Um Mitternacht stießen die beiden Reiter auf eine Grenzerfamilie, die mit einem Leiterwagen unterwegs war. Das laute Knarren der Wagenräder hatte den beiden Männern schon von weitem verraten, wer da unterwegs war. Der Grenzer, seine drei Söhne und dessen Frau ließen die Läufe ihrer langen Büchsen sinken, als sie den Anruf der beiden Reiter hörten.
„Kommt nur näher“, forderte die Bassstimme des Grenzers die beiden Männer auf. „Wenn ihr keine roten Teufel, sondern Christenmenschen seid, dann seid ihr willkommen. Jeder Mann zählt.“
„Noch nie waren unsere Skalps so locker“, sagte Sterling, als er sein Pferd neben dem Wagen anhielt.
„Wem sagst du das?“, erwiderte der Grenzer, der neben seiner Frau auf dem Bock saß und selbst im Mondlicht einen finsteren Eindruck machte. „Die Hölle ist los! Unseren Nachbarn hat es erwischt.
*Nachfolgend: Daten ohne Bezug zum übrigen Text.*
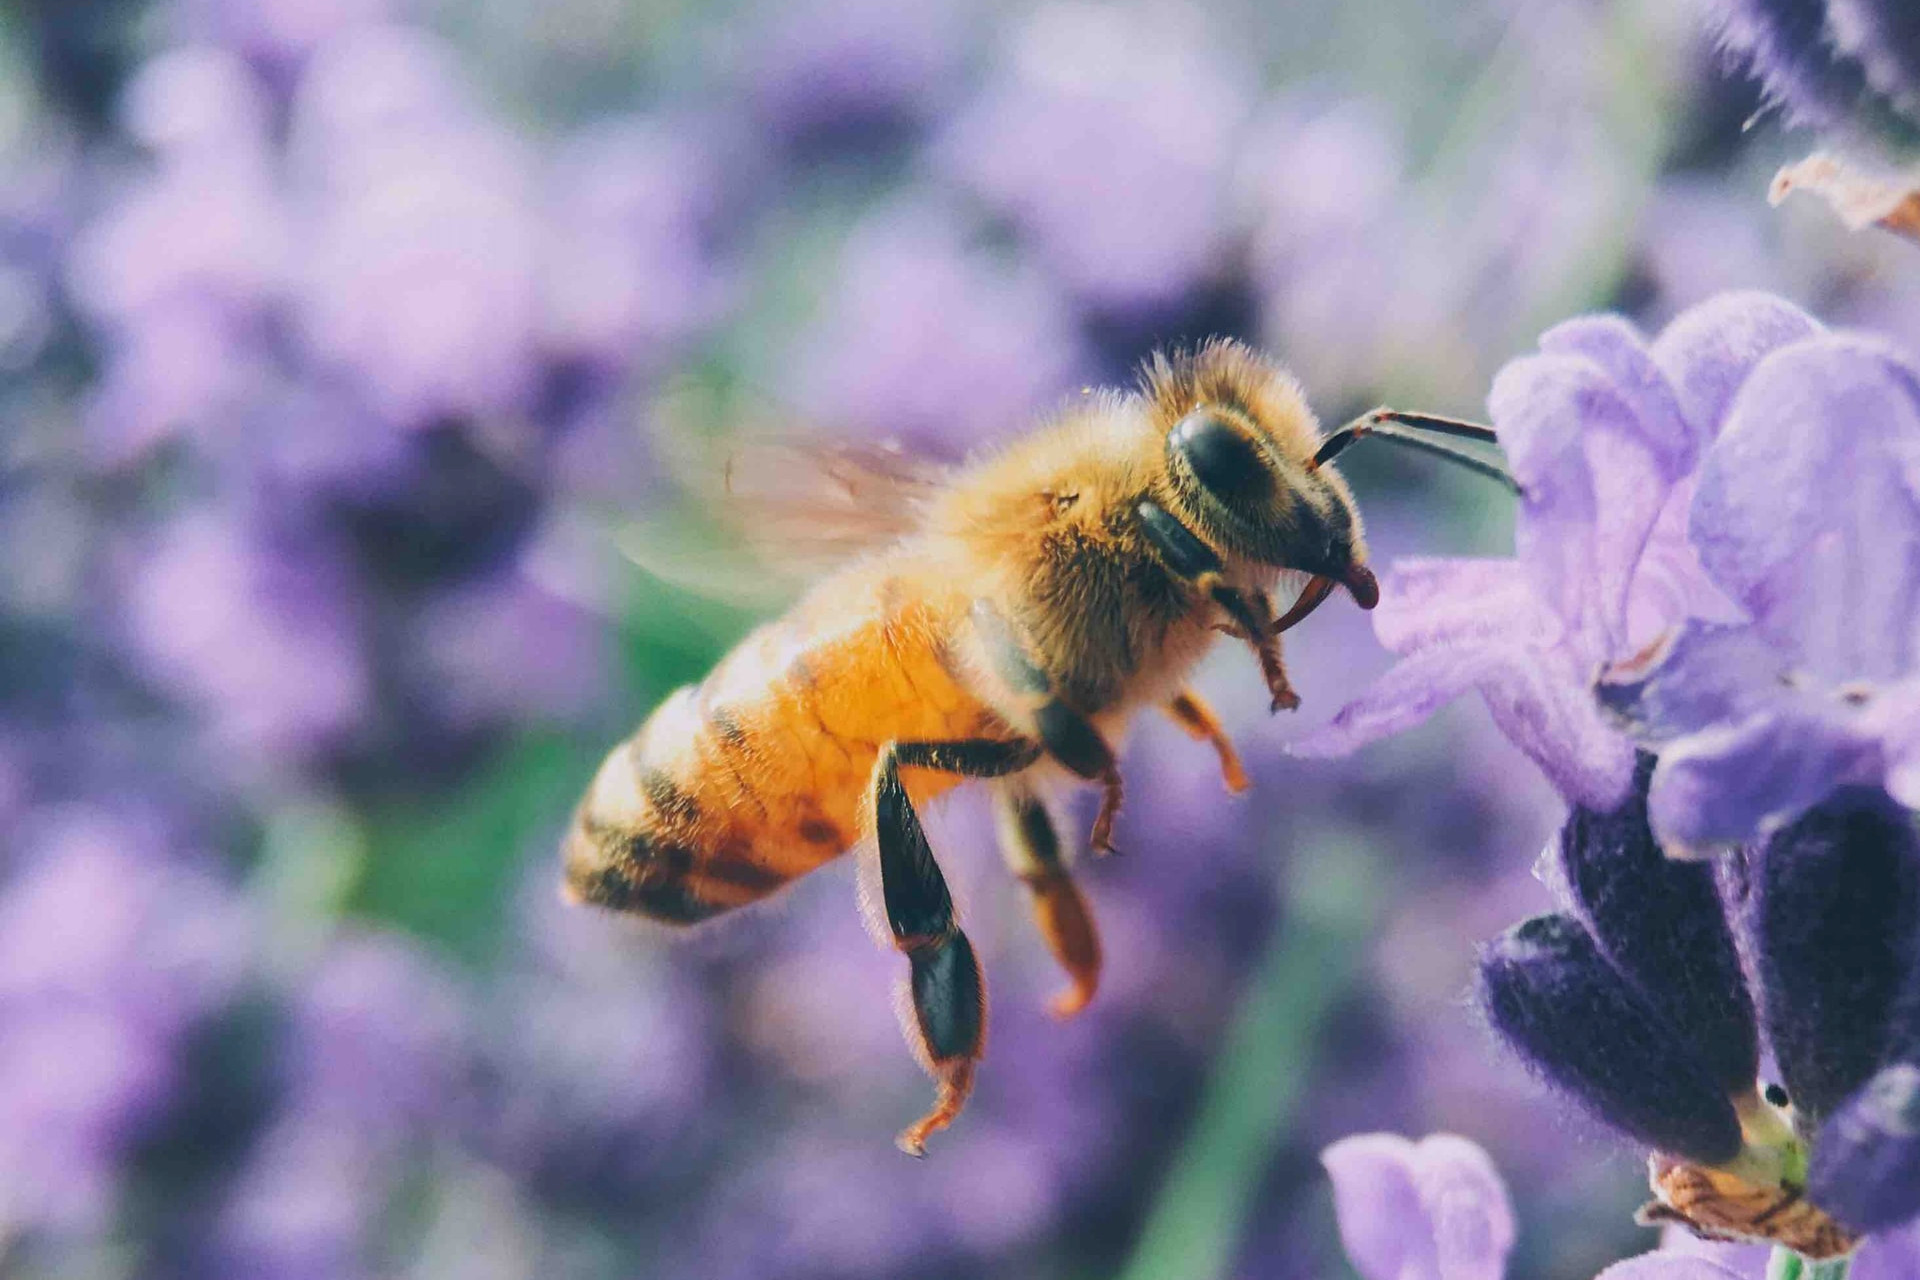 Bee by Aaron Burden on Unsplash

Es war ein Zufall, dass wir den Feuerschein sahen, dass ich noch einmal vor die Hütte trat, um nach dem Rechten zu sehen. Wenig später, und wir wären alle unsere Skalps losgeworden. Wir hätten auch den armen Bob nicht einmal gehört, als er aus dem Gebüsch taumelte. Er starb auf unserer Türschwelle. Zwei Pfeile steckten in seinem Rücken, Schawanesenpfeile. Bob war zu schwach, um den Mund auftun zu können. Er hatte noch die Kraft mit dem Kopf zu schütteln, als ich ihn fragte, ob von seiner Familie noch jemand lebe. Dem armen Teufel war nicht mehr zu helfen.“
Der Grenzer ballte die Faust und schüttelte sie in die Richtung, aus der er gekommen war. Seine drei Söhne hockten auf ihren Habseligkeiten auf dem Leiterwagen. Sie sprachen nicht und hielten ihre Büchsen fest umklammert.
„Jeder, der eine rote Haut hat, soll zur Hölle fahren!“, sagte der Grenzer mit rauer Stimme.
„Jeden Augenblick können sie auftauchen, und dann heißt es kämpfen. So leicht wird es nicht sein, sich unsere Skalps zu nehmen. Vorwärts!“, rief er seinen Pferden zu. Zu den beiden Männern gewandt sagte er: „Wenn ich mich nicht irre, dann seid ihr Sterling und Slem?“
„Du irrst dich nicht“, erwiderte Sterling.
„Dann freut es mich sehr, euch getroffen zu haben. Die Sache, wie ihr Conollys Geschütz im Moor versenkt habt, hat sich überall herumgesprochen. Ich denke, dass ihr uns nach Fort Wastle begleiten werdet?“
„Genau das hatten wir vor!“
„Umso besser! Es sieht sehr böse aus. Der Wald wimmelt von Rothäuten. Jetzt wird Lord Dunmore eingreifen müssen, wenn es diesem Herrn auch nicht gefallen wird. Er glaubt, dass er die Rothäute besser gegen uns aufsässige Grenzer einsetzen könnte. Jetzt wird ihm gegen seinen Willen eine andere Entscheidung aufgezwungen, und sicherlich passt ihm das keineswegs.“
Rau klang das Lachen des Fahrers durch die Nacht. Niemand stimmte ein, weder seine Familienangehörigen noch die beiden Begleiter. Mit einem Gurgeln endete das Lachen des Grenzers. Seine neben ihm sitzende Frau griff zu, als der Gatte zur Seite kippte. Sie verhinderte, dass ihr Mann, der von einem Pfeil getroffen wurde, vom Bock stürzte. Ein Schrei kam über die Lippen der Frau. Die beiden Zugpferde bäumten sich von einem Pfeilhagel überschüttet im Geschirr auf. Die Grenzerfrau sank einen Augenblick später über ihren Mann, und beide fielen vom Bock herunter.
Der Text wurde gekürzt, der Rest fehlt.